### WHAT YOU HAVE TO DO
Repeat exactly, and only, the lines below starting at the line that contains "Greenovative Stands Out" and ending at the line that contains "Nobody wants to", inclusive of both.

### LISTED RECORDS
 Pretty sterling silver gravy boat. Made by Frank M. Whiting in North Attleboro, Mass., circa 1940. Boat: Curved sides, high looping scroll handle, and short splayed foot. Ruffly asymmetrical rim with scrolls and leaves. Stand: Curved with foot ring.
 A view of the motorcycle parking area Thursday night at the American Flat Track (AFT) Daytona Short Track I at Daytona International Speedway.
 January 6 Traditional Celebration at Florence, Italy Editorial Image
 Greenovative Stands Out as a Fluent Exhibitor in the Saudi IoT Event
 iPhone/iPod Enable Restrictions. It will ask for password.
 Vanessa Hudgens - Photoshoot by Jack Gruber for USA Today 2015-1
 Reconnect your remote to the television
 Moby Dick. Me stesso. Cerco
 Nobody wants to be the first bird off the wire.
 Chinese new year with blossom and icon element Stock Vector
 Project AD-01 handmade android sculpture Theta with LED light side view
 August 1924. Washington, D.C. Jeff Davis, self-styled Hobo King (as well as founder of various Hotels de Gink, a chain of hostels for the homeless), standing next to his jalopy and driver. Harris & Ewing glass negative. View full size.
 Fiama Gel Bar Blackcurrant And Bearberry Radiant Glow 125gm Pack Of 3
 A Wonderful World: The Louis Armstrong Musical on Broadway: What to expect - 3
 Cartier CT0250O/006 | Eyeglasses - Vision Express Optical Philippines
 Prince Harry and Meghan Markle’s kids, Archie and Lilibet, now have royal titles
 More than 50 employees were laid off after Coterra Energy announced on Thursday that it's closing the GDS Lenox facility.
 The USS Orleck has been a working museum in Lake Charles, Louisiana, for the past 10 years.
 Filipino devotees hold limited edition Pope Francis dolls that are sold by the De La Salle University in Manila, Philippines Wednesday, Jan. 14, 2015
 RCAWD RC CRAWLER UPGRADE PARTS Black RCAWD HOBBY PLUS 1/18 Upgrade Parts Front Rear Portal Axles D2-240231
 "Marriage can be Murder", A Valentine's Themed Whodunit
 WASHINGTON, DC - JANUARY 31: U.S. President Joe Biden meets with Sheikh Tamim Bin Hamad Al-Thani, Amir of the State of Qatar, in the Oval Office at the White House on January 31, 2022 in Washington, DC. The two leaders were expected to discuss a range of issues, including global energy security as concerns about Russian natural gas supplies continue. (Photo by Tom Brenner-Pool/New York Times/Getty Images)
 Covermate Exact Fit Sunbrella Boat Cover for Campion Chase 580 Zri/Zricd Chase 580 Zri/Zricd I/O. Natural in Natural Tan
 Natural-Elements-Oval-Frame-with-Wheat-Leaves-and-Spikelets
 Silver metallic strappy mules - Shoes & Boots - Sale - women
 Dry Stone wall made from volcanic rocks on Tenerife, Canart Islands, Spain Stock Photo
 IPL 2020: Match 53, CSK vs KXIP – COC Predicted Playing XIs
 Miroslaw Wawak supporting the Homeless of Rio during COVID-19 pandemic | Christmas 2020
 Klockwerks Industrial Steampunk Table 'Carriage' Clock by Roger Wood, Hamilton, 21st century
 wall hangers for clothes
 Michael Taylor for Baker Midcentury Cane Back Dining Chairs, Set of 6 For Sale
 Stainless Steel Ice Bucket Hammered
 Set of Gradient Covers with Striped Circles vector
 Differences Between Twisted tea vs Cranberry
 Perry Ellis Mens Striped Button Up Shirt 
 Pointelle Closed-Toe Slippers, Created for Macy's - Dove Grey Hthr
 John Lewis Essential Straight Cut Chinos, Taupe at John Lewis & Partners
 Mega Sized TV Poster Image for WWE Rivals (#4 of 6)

### YOUR SOLUTION
 Greenovative Stands Out as a Fluent Exhibitor in the Saudi IoT Event
 iPhone/iPod Enable Restrictions. It will ask for password.
 Vanessa Hudgens - Photoshoot by Jack Gruber for USA Today 2015-1
 Reconnect your remote to the television
 Moby Dick. Me stesso. Cerco
 Nobody wants to be the first bird off the wire.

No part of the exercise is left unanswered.